Supplied records

┌──

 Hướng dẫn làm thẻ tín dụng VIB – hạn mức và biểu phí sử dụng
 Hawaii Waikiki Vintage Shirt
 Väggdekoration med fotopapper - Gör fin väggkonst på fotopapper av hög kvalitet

└──
┌──

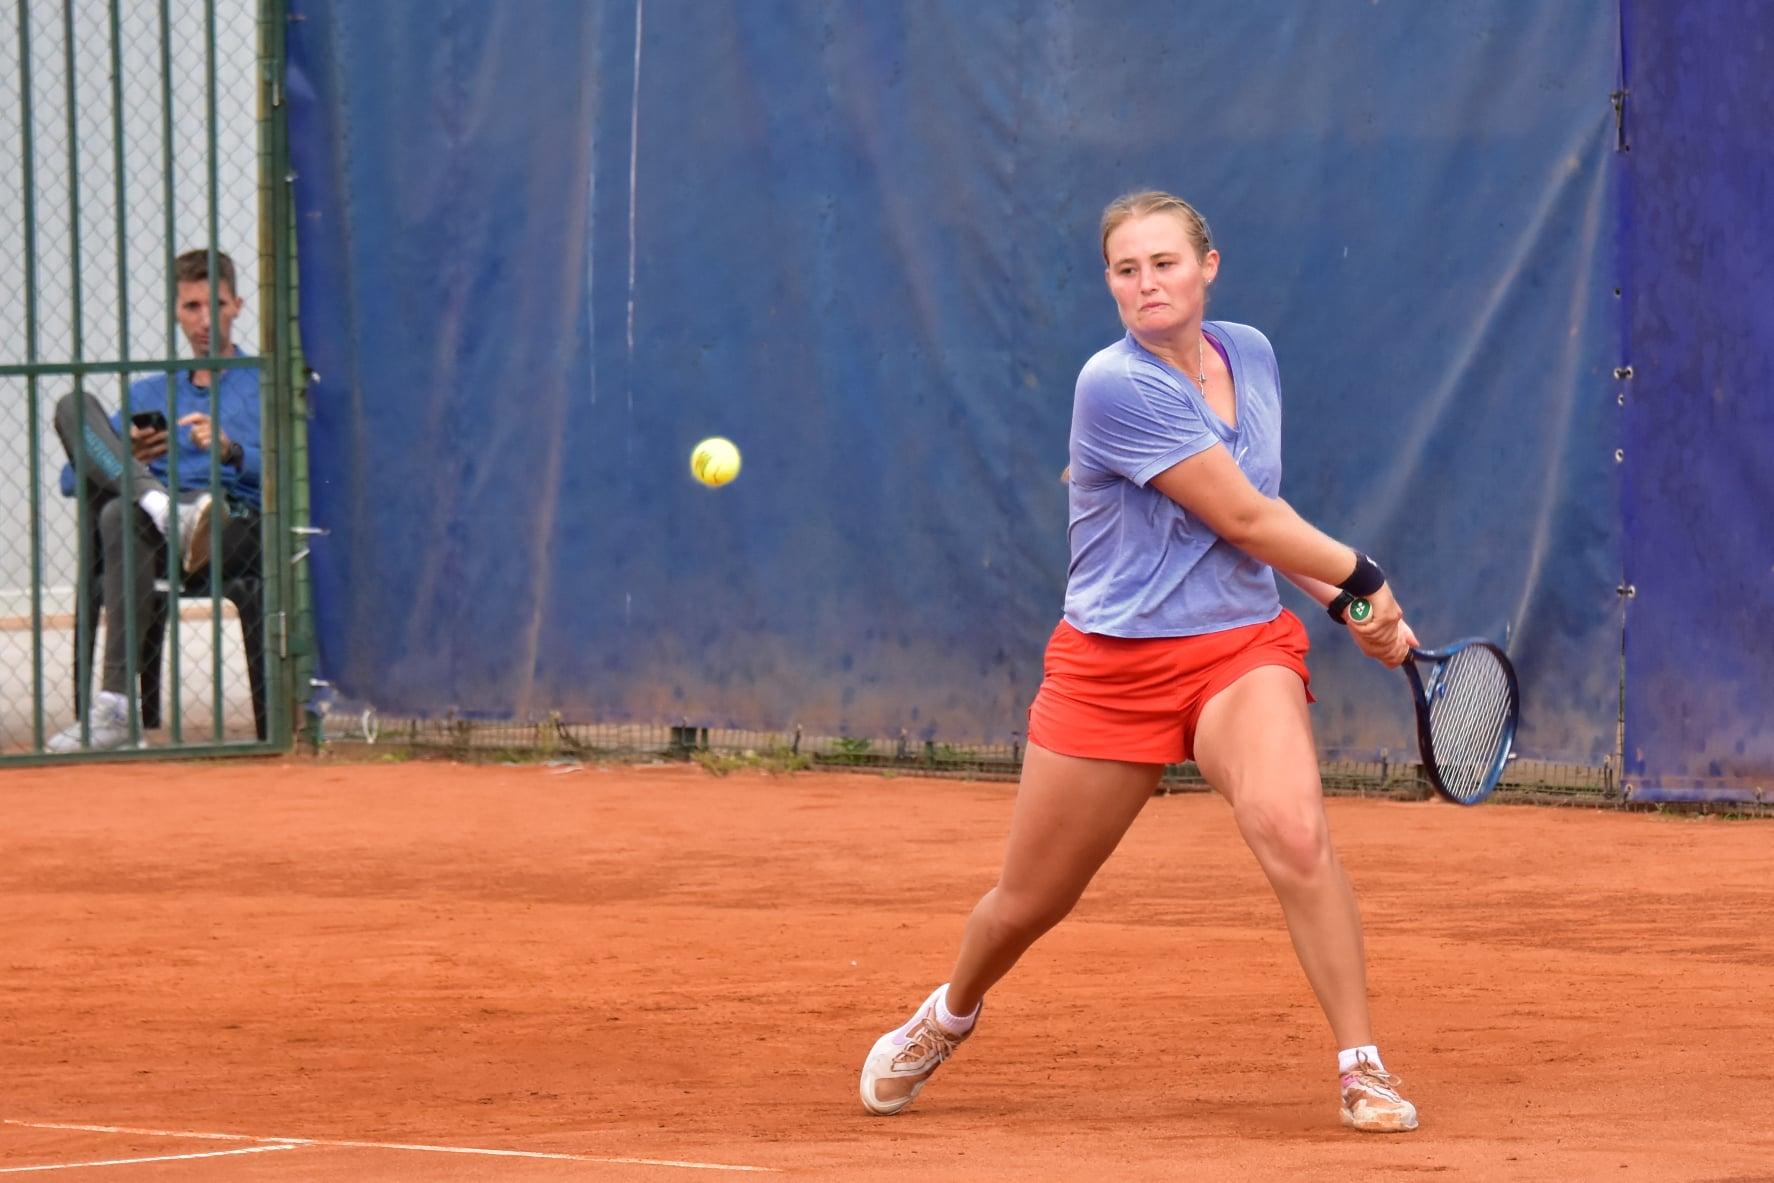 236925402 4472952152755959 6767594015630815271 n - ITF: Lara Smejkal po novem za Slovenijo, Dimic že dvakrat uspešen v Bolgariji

└──

Aim of the task
Scan the listing above for the line that has "Hướng dẫn làm", then copy exactly from that line through the line that has "Väggdekoration med fotopapper".

Response area
 Hướng dẫn làm thẻ tín dụng VIB – hạn mức và biểu phí sử dụng
 Hawaii Waikiki Vintage Shirt
 Väggdekoration med fotopapper - Gör fin väggkonst på fotopapper av hög kvalitet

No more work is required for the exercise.